I’ll be speaking at Connected Marketing Week tomorrow in a session called “Small Voices, Big Results” at 1pm. Specifically, I’ll be discussing blogging rules that I’ve seen work over the years.Since I started blogging publicly in 2007, I’ve learned a lot about blogging and blogging culture. Along with things I’ve learned about myself and my own style there are some universal rules to follow to be a successful blogger, no matter who you are or what you’re writing about. Today I thought I’d share a few lessons I’ve learned and start a discussion. If you’ve got any additional bits of advice you would have given yourself when you first started blogging, please share them in the comments. I’d love to hear them. I don’t pretend to be an expert. I’m always learning like the rest of you.
Here are my 23 Rules of Thumb for Effective Blogging…
Rule #1: No one cares about you.
Every time you sit down to write, remind yourself that there are a trillion other websites out there competing for attention. Then remind yourself how little time you have these days to spend reading the news, books, all your friends’ Tweets and Facebook status messages and blog posts. Got it? In that moment, ask yourself honestly whether you’d spend time reading a 10,000 word blog post about your cat.
People invest their time reading posts that educate and enlighten, or organize complex information, or bust myths or provide pointers to great resources. Internet users have evolved into ultra-savvy scanners when it comes to web content, and they’re insanely good at figuring out whether there’s something in it for them in under 10 seconds.
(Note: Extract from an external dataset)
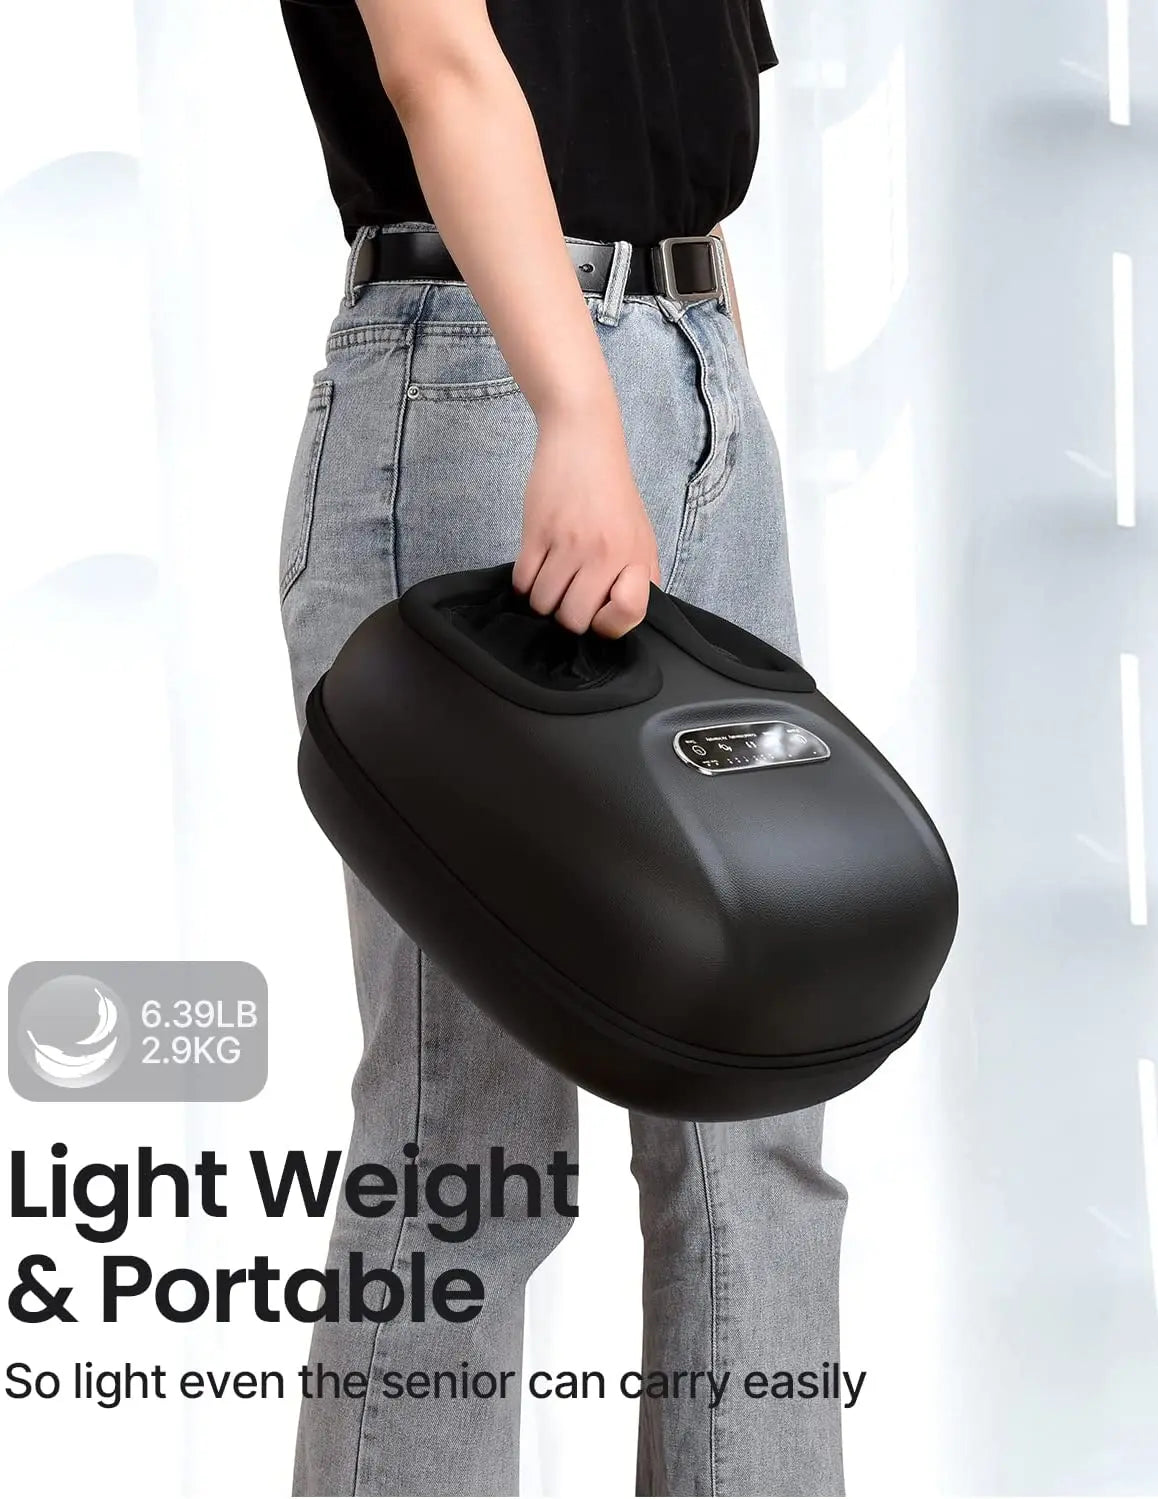 A person holding a Shiatsu Foot Massager Lite by Renpho EU against a white and gray background. Text on the image reads "Light Weight & Portable - 6.39LB 2.9KG - So light even the senior can carry easily." The person is wearing light blue jeans and a black shirt, ready for a customized massage experience.

If they don’t get the immediate impression that what you’ve written is useful or entertaining, they’ll leave and go somewhere else. Web time is “me time” for readers. So write stuff that other people will find useful, and save the stories about your cat for your mom.
Rule #2: Avoid Self Promotion At All Costs.
We all want to get noticed for what we’re doing. It feels great when people read your stuff, and give you recognition for your penmanship and your ideas. But nothing turns people off more quickly than when you try and tell them how much of a mind-grenade you think your latest post is. The moments when you’re the most excited about something you’ve created are when you need to be most thoughtful about how you get the word out. Sharing links to your stuff via social media is fine, but no one likes the guy that emails every person he knows with a message full of exclamation points asking them to share his content with all their friends. You won’t be able to completely avoid self promotion, just keep it to an absolute minimum and be tactful and tasteful about it when you do.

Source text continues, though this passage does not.